(TASK TO CARRY OUT): Only the lines from the one with "#45, Ballot, 3/8 LC, Indianapolis, Rennwagen" to the end of the listing below should be set down, exactly as written and without any pictures.

(DATASET ENTRIES):
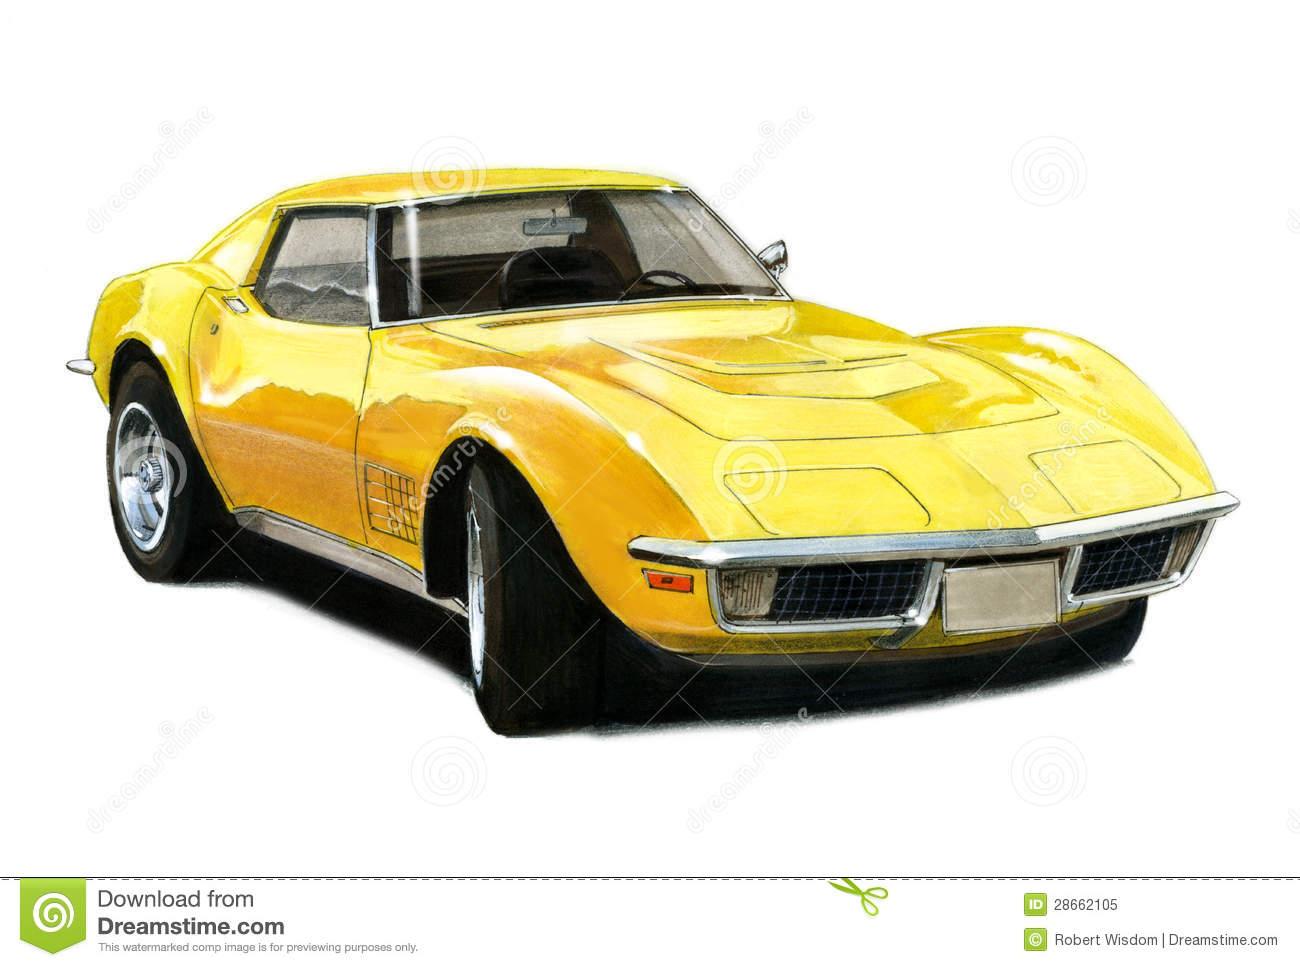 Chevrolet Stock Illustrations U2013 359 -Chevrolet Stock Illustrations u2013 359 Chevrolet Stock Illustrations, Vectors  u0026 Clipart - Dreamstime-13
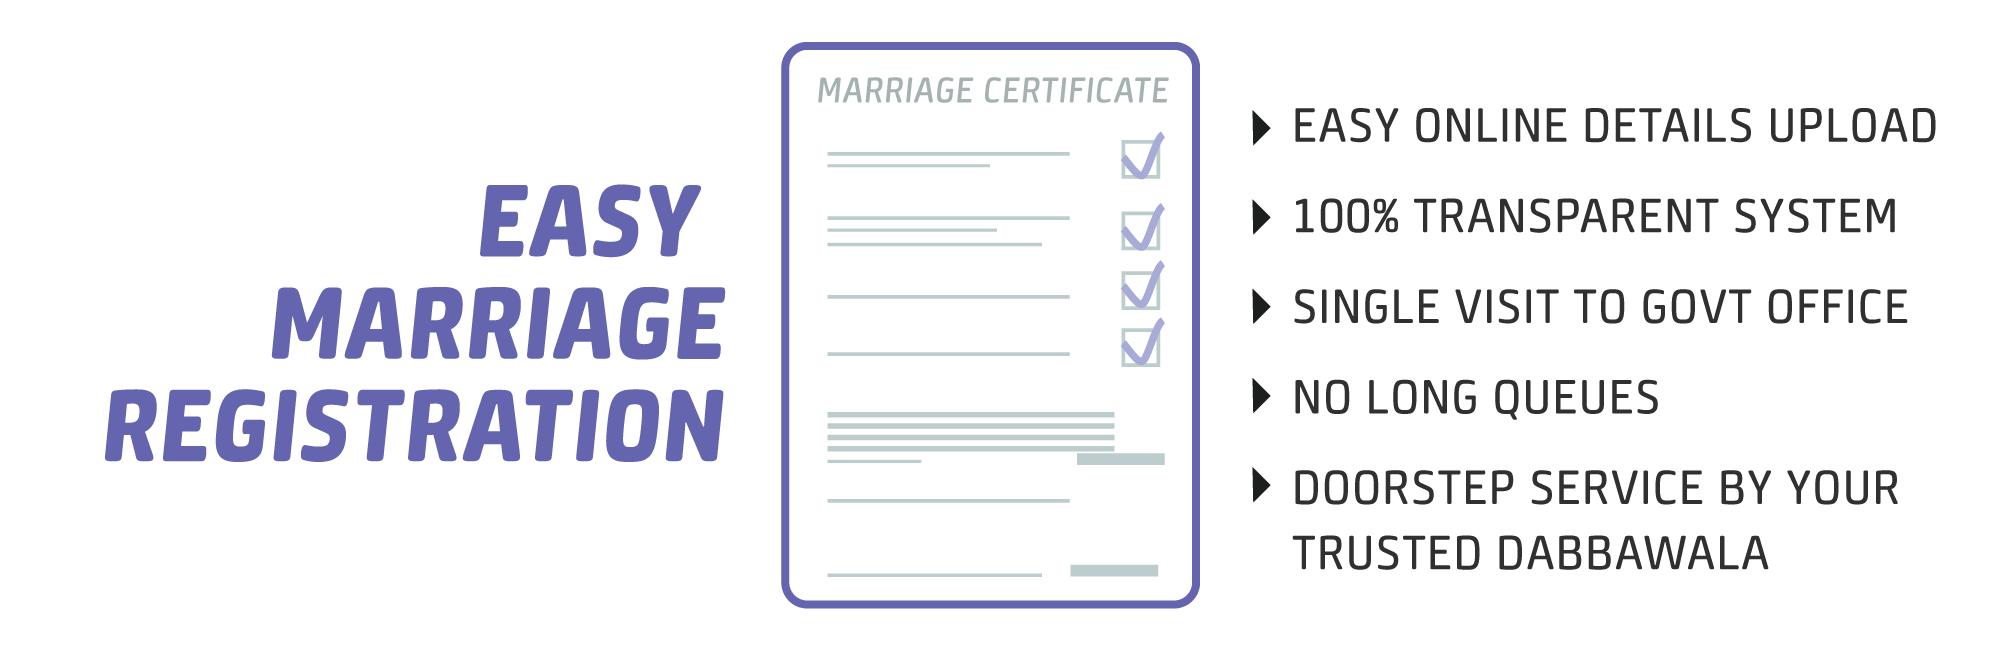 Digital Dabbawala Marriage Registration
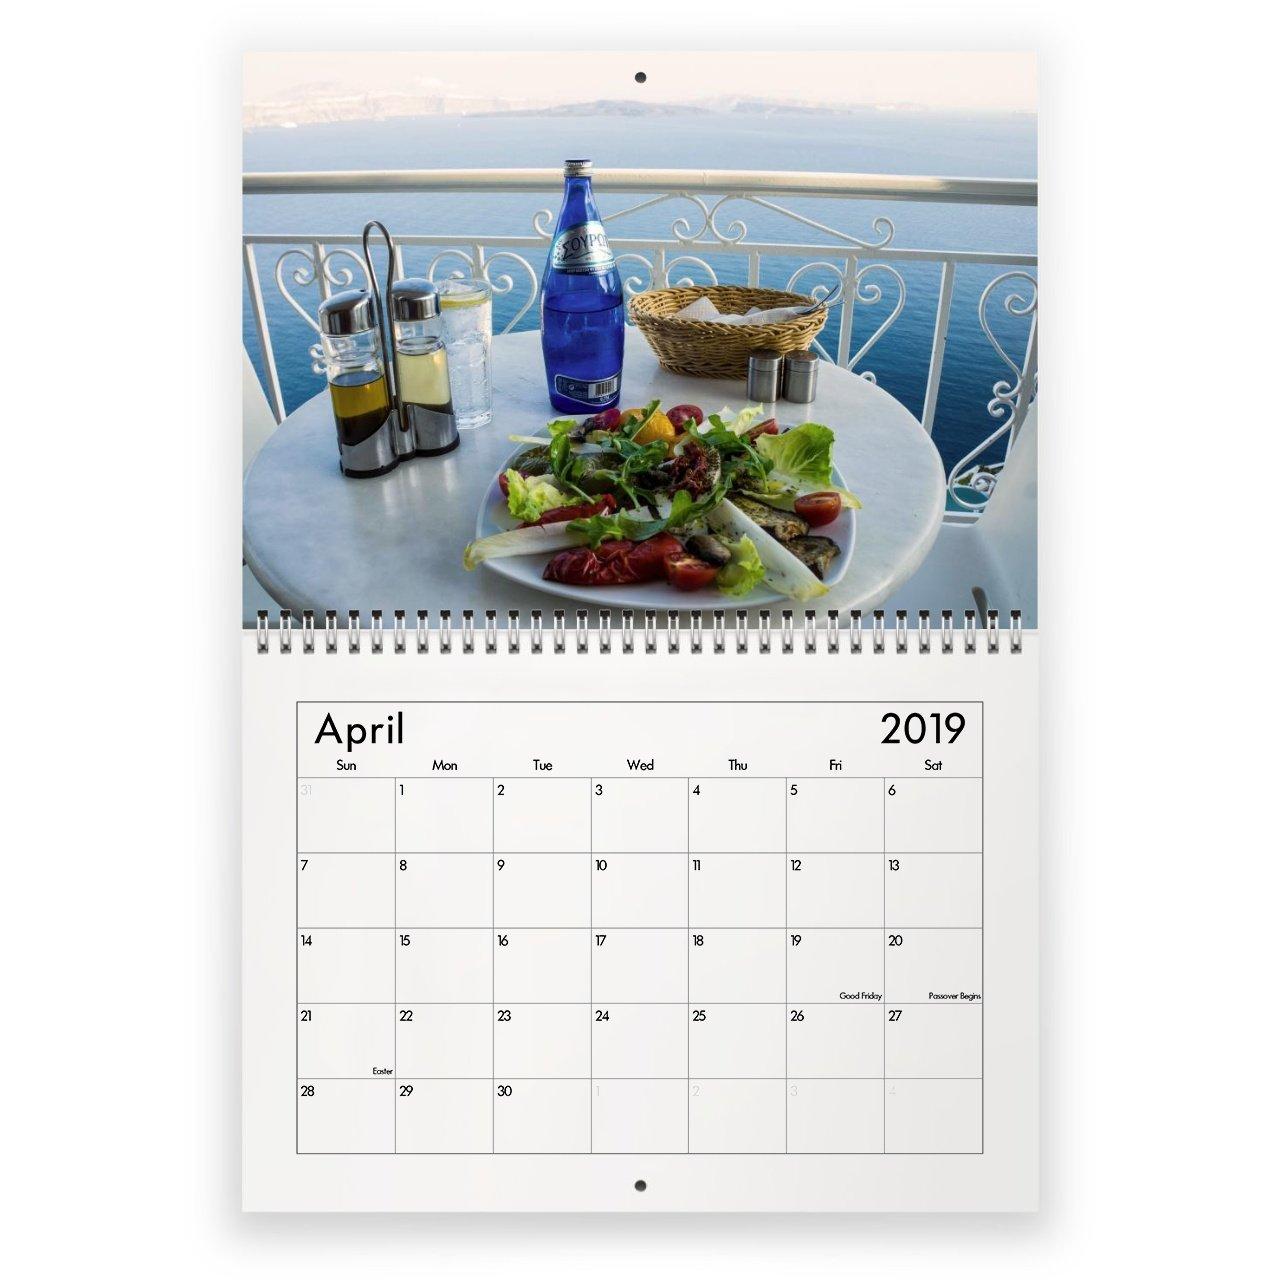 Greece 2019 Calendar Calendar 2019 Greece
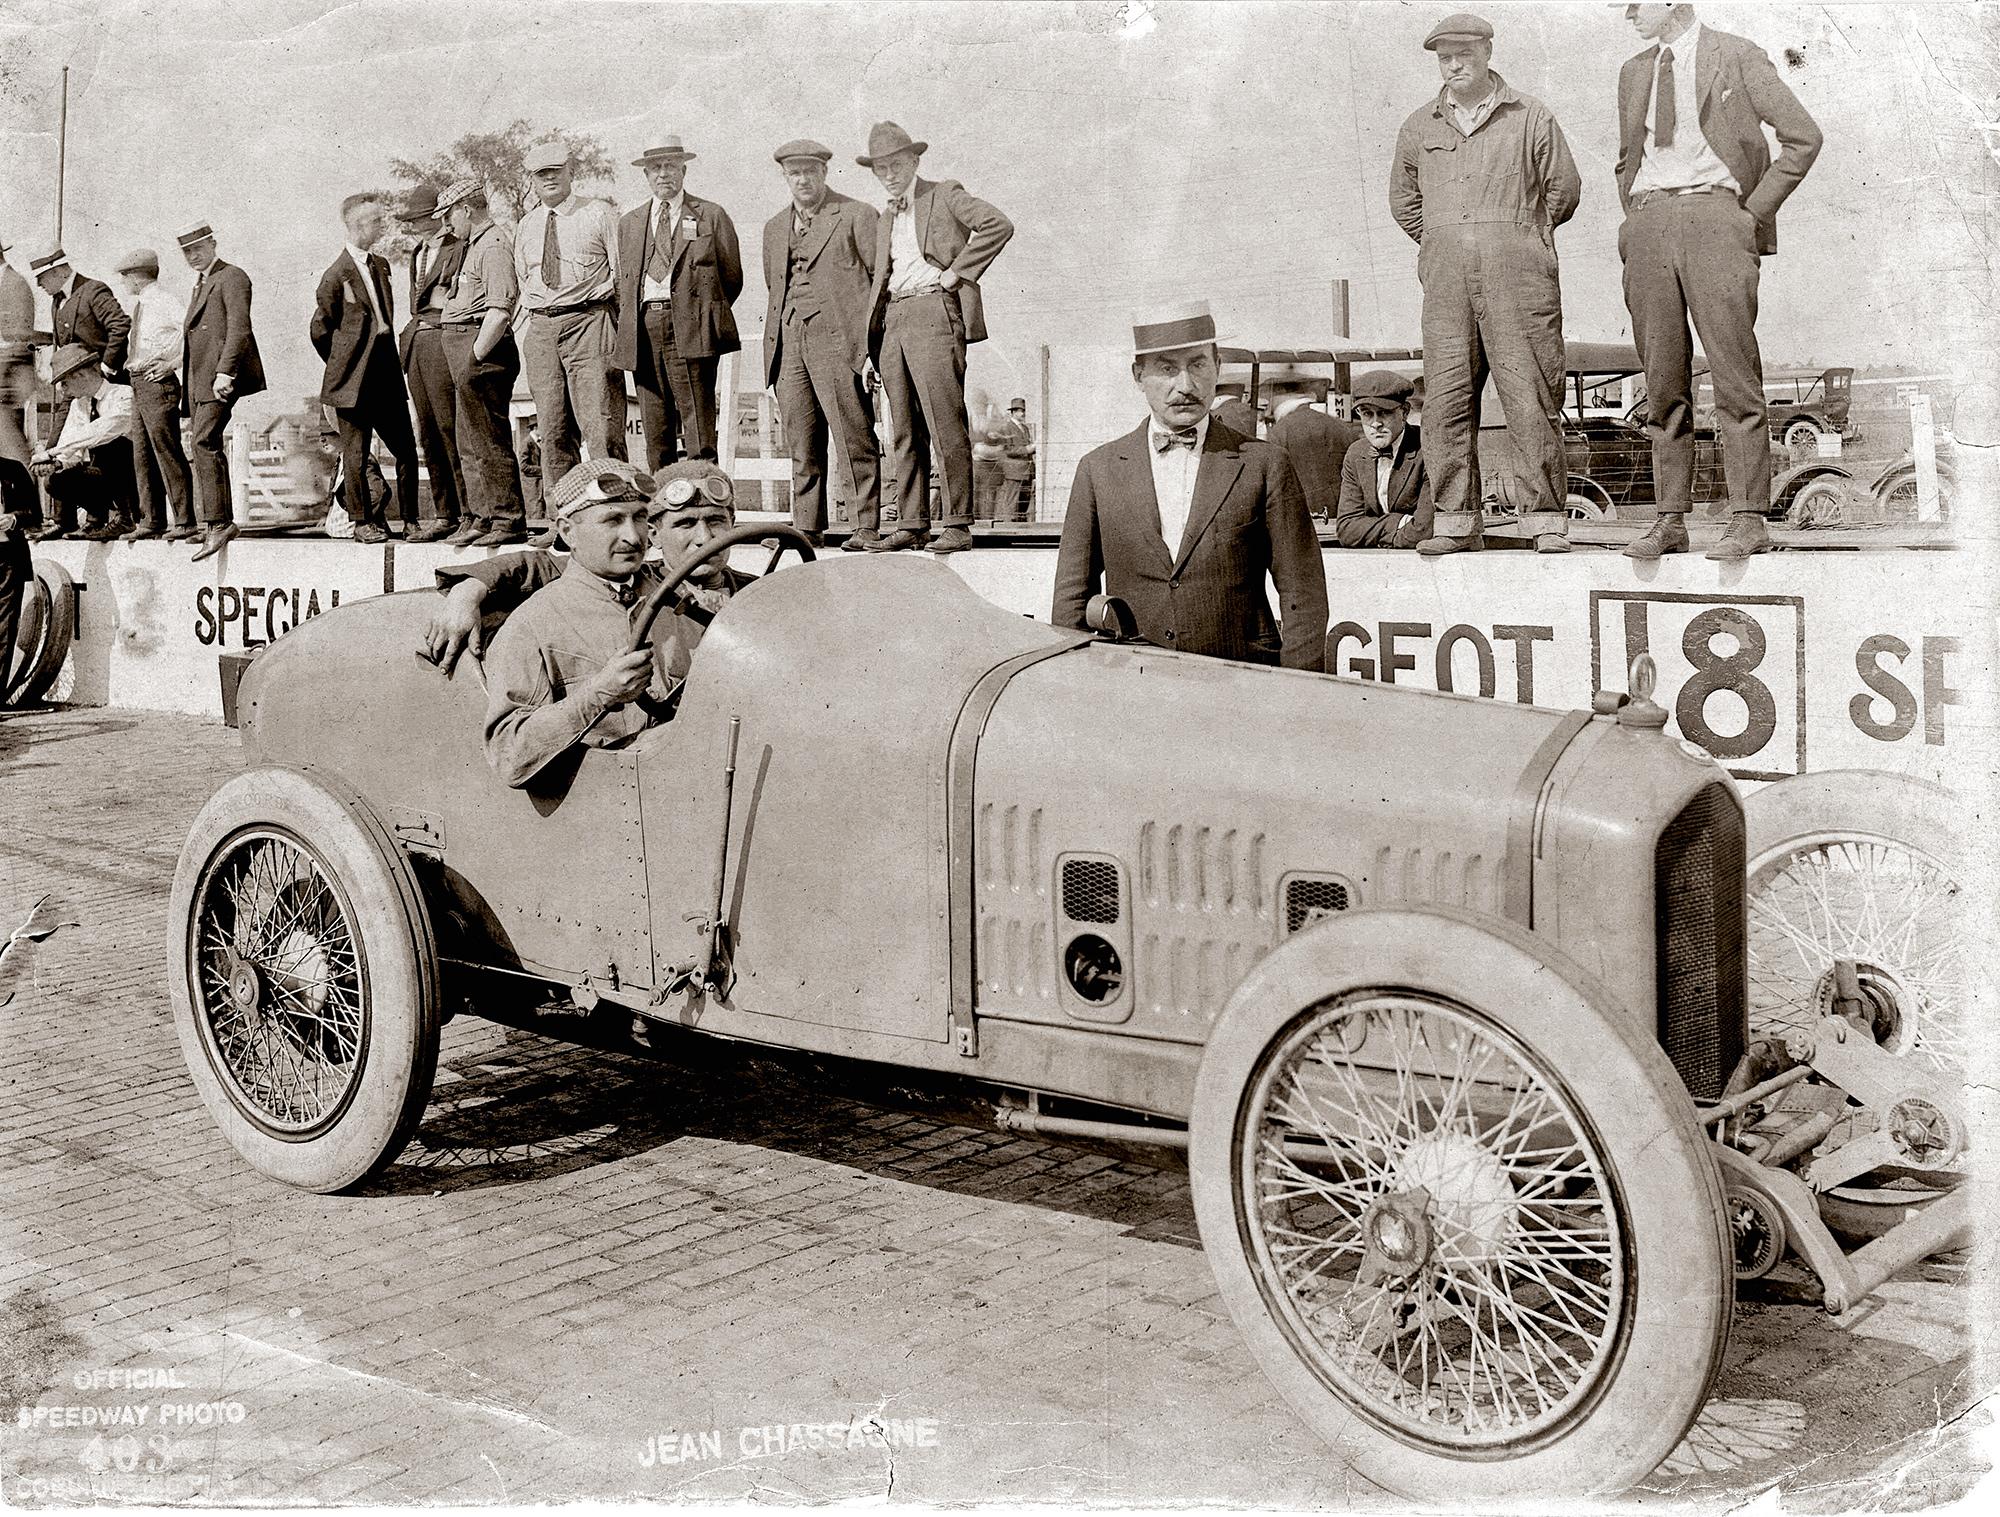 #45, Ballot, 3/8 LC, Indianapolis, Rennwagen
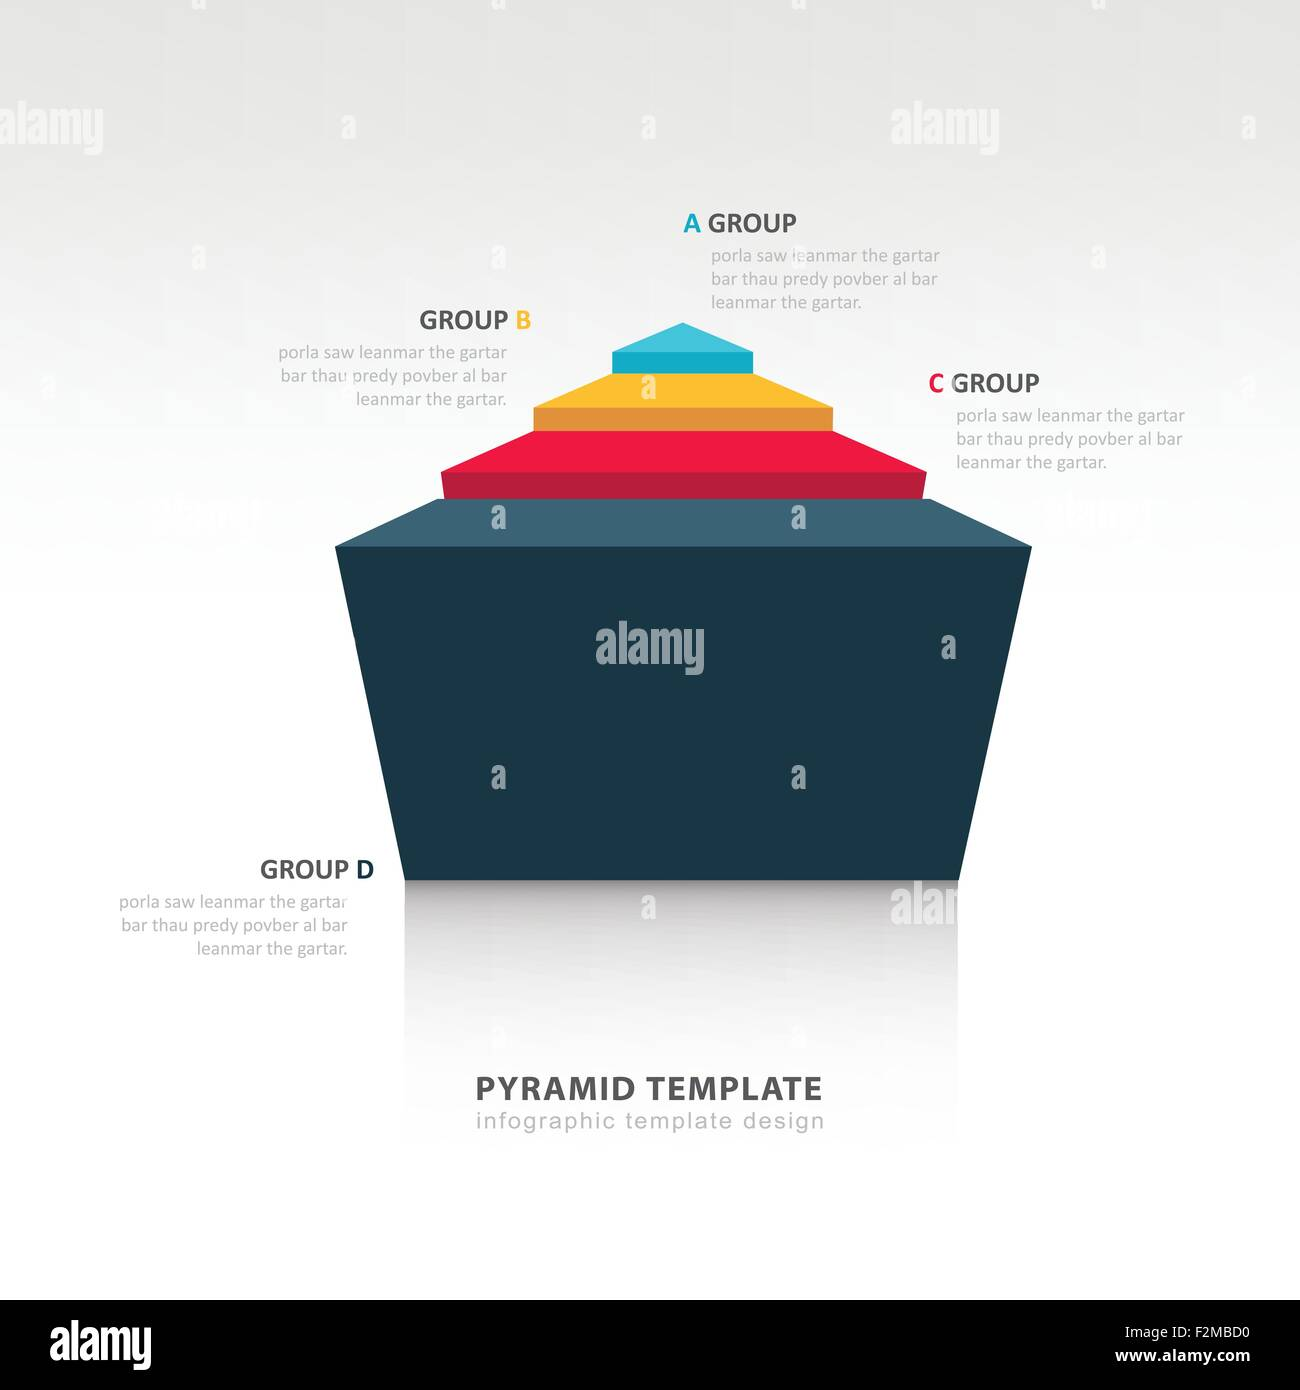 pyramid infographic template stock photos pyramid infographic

(YOUR SOLUTION):
 #45, Ballot, 3/8 LC, Indianapolis, Rennwagen
 pyramid infographic template stock photos pyramid infographic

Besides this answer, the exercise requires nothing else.